Okay, so the story is there were five toys altogether in the toy shop.
And then, mm of them were mm.
How many of them were not mm? So Alex is giving us a clue there.
"Which part of the whole group will you partition?" So you can decide, can't you, what your story's going to be.
So pause the video now while you have a try at that.
Okay, and let's see what you did.
So there were five toys altogether in the toy shop, okay? Three of them were knights.
So you could have chosen to partition the knights, couldn't you? How many of them were not knights? And we can see.
Okay, so here's your task for the first part of today's lesson.
You will need some double-sided counters.
And here's Aisha, and she's telling us what to do.
Okay, so she's doing this task as well.
She says, "I will tell a 'First, then, now' story about each picture and represent it with counters using the stem sentences to help me.

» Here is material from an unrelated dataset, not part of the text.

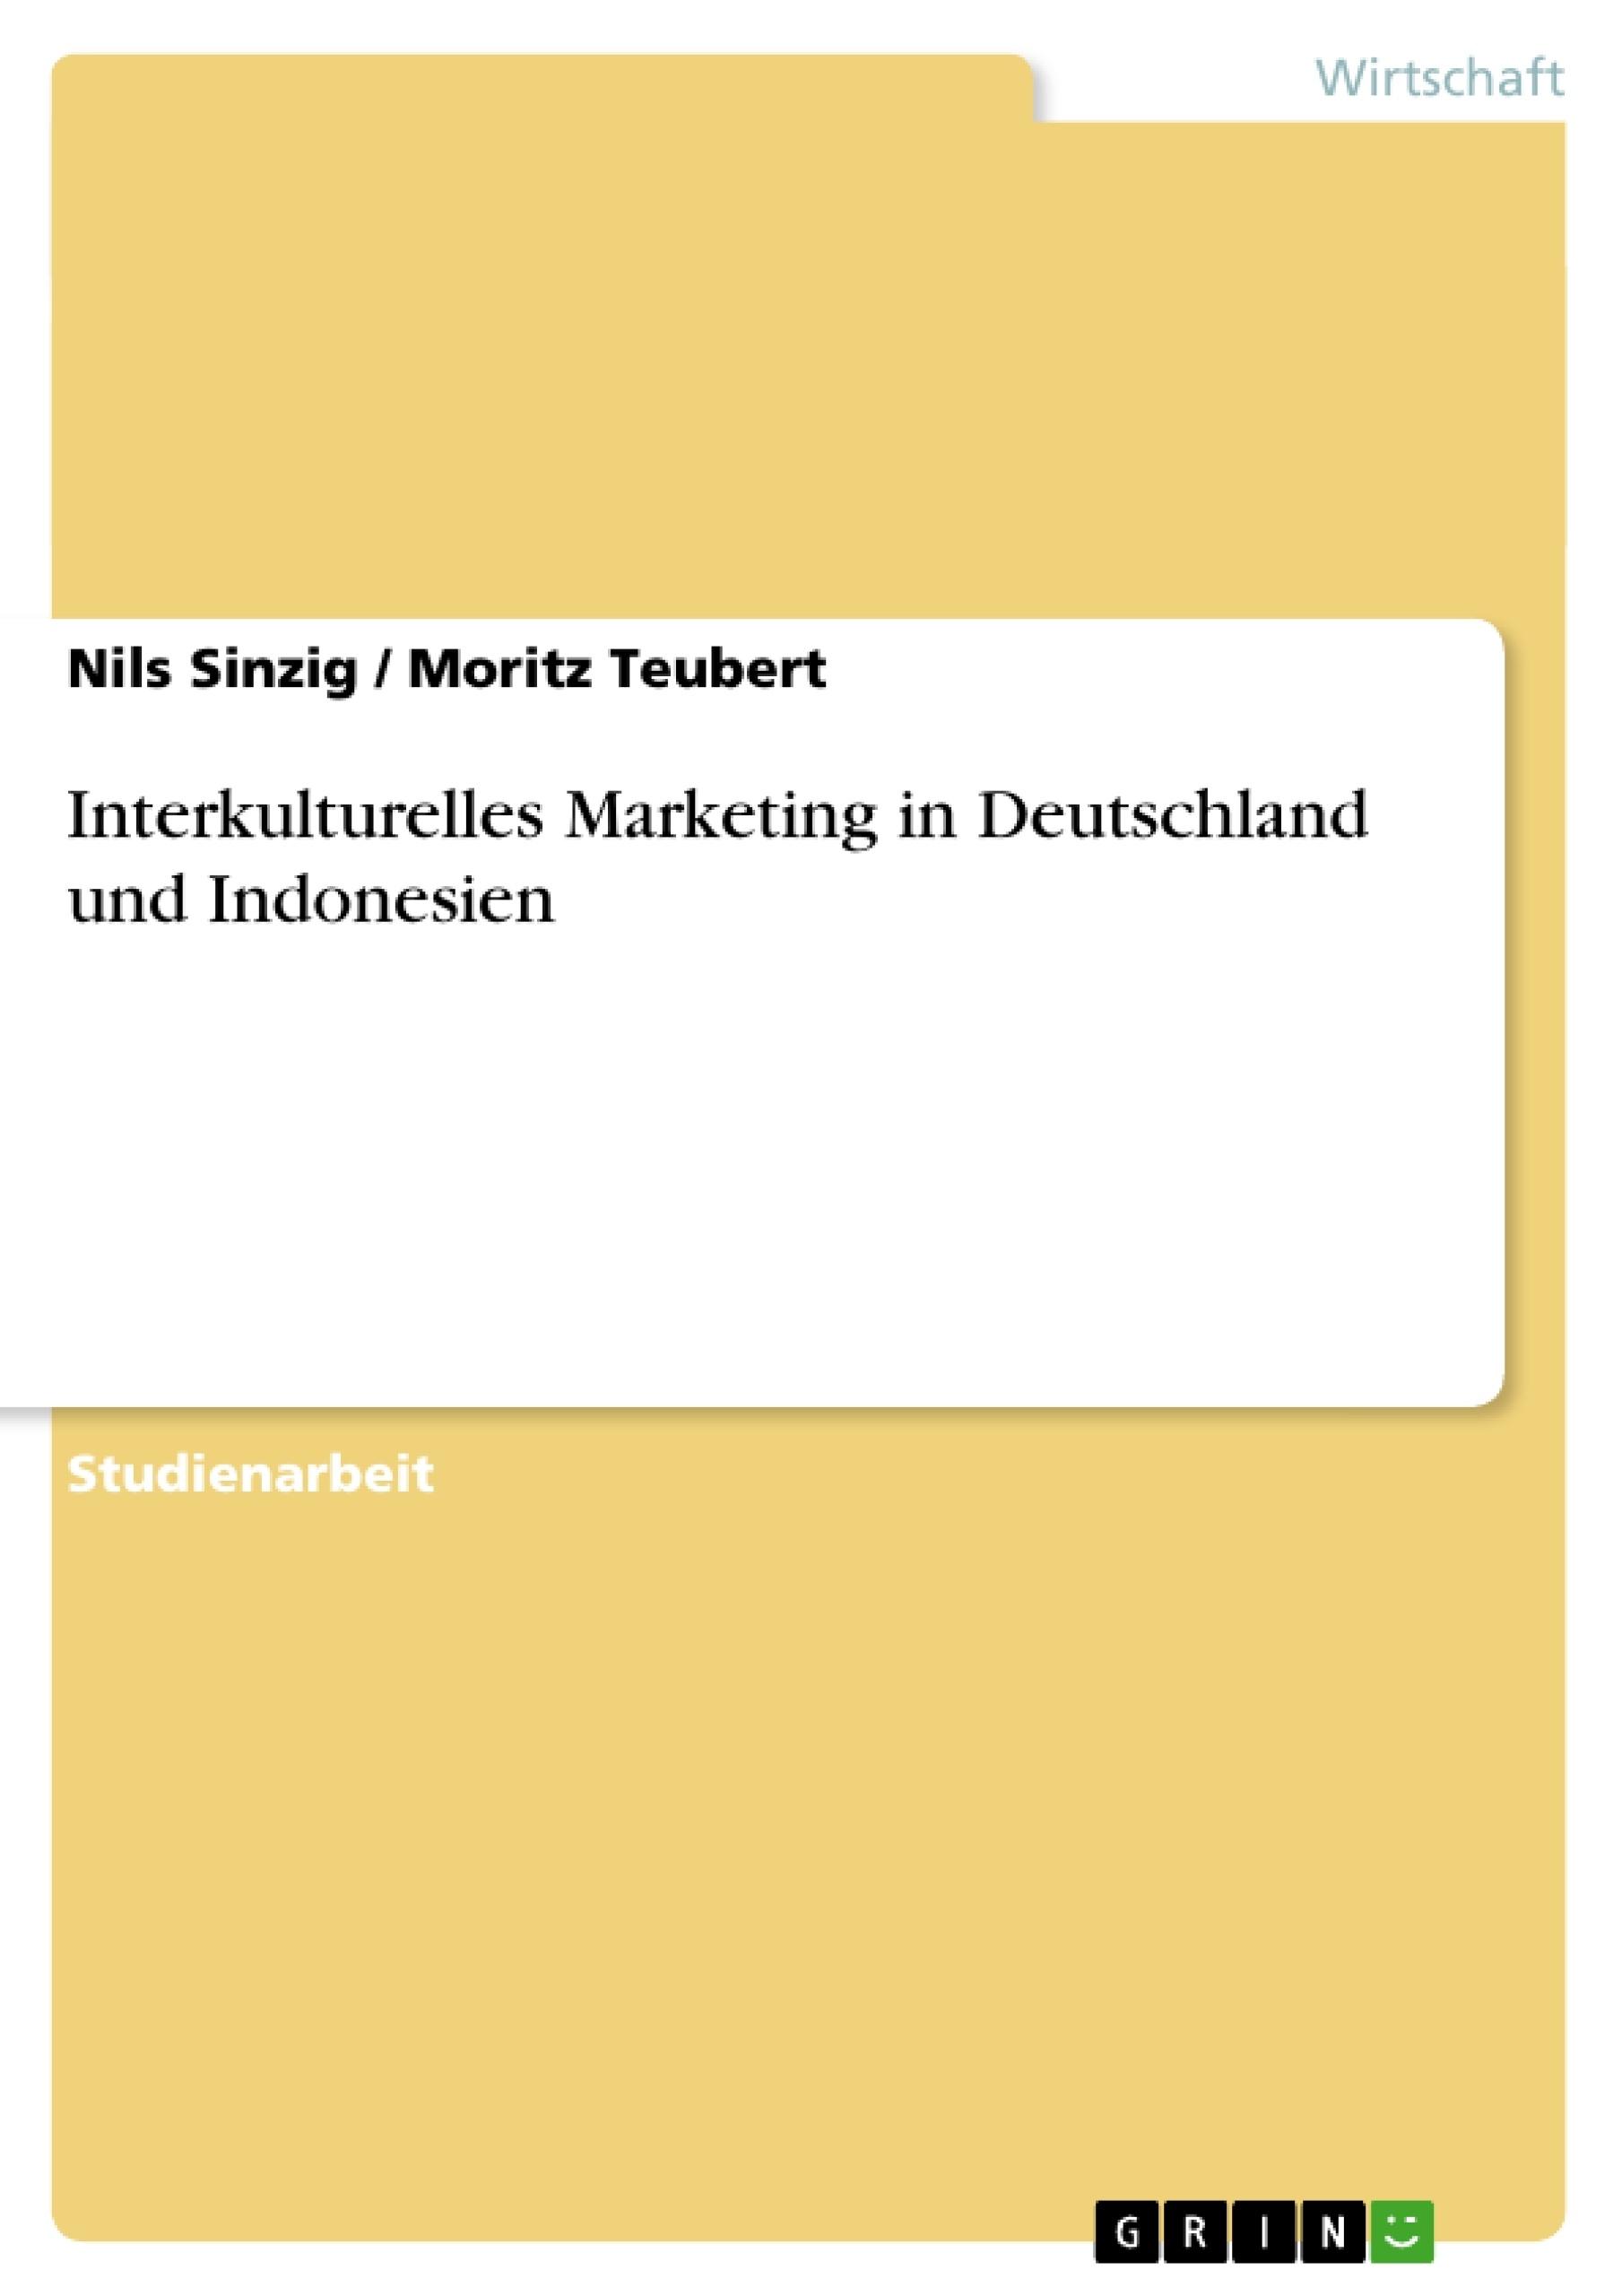 Titel: Interkulturelles Marketing in Deutschland und Indonesien

Then, I will tell a partitioning story about the same picture.
Each time, I will write an equation to represent it." Okay, so you will have some pictures and some stem sentences.
Here they are, okay.
And the stem sentences for the decreasing amount, an amount subtraction story is here.
First, there were mm, then mm, now mm.
Okay, you also have some stem sentences for the partitioning subtraction story.
And they are, there were mm altogether.
Mm of them were mm.
How many were not mm? So you use those stem sentences to describe the pictures, okay? So pause the video now while you have a try at that.
Okay, so let's see how we got on with that then.
You may have done this.
Okay, so we're describing the balloons picture here, aren't we? So let's tell our decreasing in amount subtraction story, first, okay.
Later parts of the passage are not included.